Спокойные времена
Шрифт:
Сотрудник Н. защитил докторскую, официальная часть закончилась неожиданно рано; между защитой и ужином («Коллега Марта, надеюсь, почтит меня и останется?»), который устраивался в маленьком кафе, был перерыв в добрых полчаса; воспользовавшись этим, Марта позвонила домой. Позвонила, хотя и знала, что не ответят: Эма получила рубль и помчалась в кино (вытянулась, уже пропускают), тетя Аля заявила, что намерена уйти от них («Я тоже человек, пенсию получаю»), и вдруг нарумянила щеки (и у нее весна) и сообщила, что уезжает на два дня в Паневежис к «сердечному другу» (она мечтала выйти замуж за какого-то старичка, который еще вовсю чинил часы), а сам Ауримас… Он снова предупредил, что вернется попозже, так как приехал переводчик из Москвы и он задержится с ним в гостинице или где-нибудь в кафе; возможно,
С кем? Это ей, Марте…
Все равно, разумеется, тем более что ей ни к чему это общение с переводчиком: небось, как всегда, скука; она и в дом пригласить его не может — у них на кафедре защита. И хотя присутствовать на банкете необязательно, все же это принято.
Она с минуту послушала длинные гудки, потом, все так же держа трубку в руке, зачем-то посмотрела по сторонам; будто на что-то еще надеялась, нажала на рычаг и снова набрала помер; опять не ответили; Марта положила трубку, вздохнула и, чуть отойдя в сторонку, вынула пудреницу и осторожно, точно боясь забрызгаться, несколько раз махнула пуховкой по щекам.
В это время появилась доцент И., плоская, похожая на веник, в очках; преподавала она основы педагогики.
«Ты еще здесь! — накинулась она на Марту, та едва успела бросить пудреницу в сумку. — Тебя ждут…»
«Меня? Кто?»
«Увидишь. Посажу рядышком».
Да, это был Ализас; полная неожиданность, но тем более приятная; он явился прямиком на банкет, «напомнить уважаемому доктору Н., что все мы, увы, не вечны».

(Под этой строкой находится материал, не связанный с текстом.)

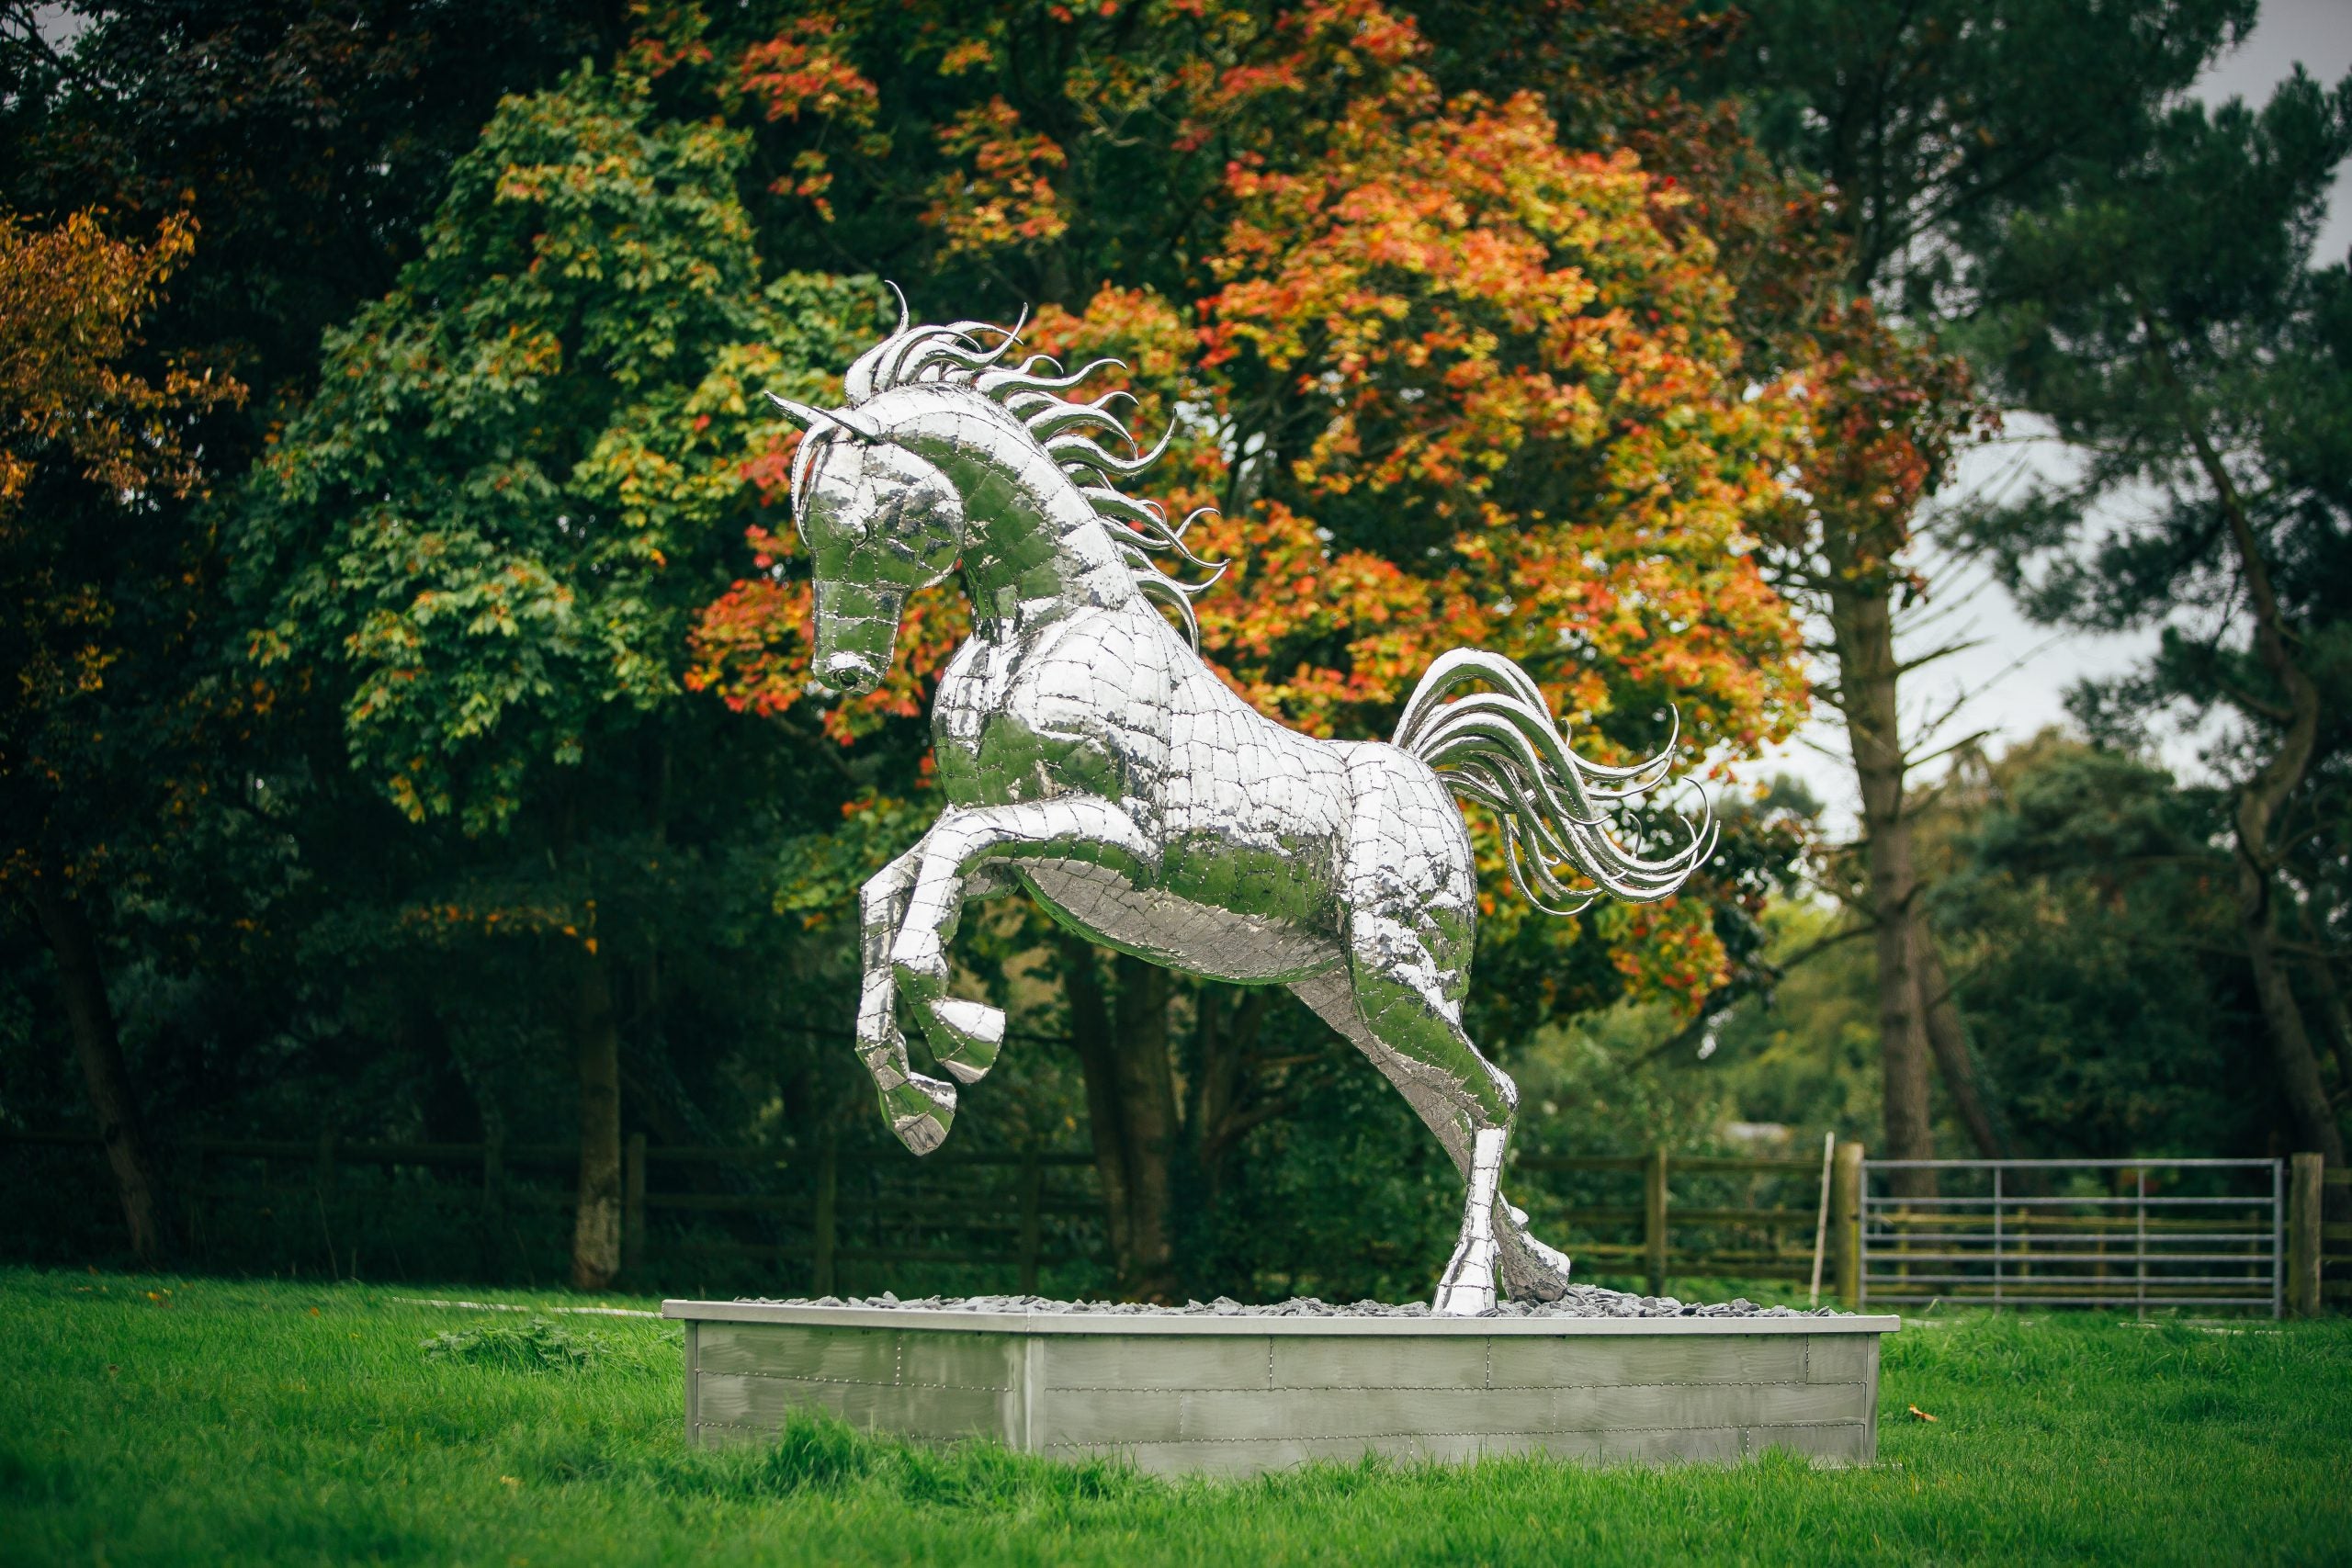 Michael Turner- Stainless Steel Prancing Horse Sculpture

«Как прикажете понимать сии слова?»
«В прямом их смысле… — ответил он, глядя на Марту своим особенным, подбадривающим самого себя взглядом и при этом осторожно подкладывая ей на тарелку какую-то рыбу. — Наш почтенный виновник торжества смертен, как и все прочие обитатели нашей грешной земли. Я, видите ли, тружусь в архиве…»
«Научная работа?»
«Всякая… На сей раз мне поручено узнать, какие рукописи или письма уважаемый доктор Н. мог бы без ущерба для себя и своей работы передать отделу рукописей нашего архива, где я, ваш непослушный ученик, имею честь более или менее плодотворно трудиться…»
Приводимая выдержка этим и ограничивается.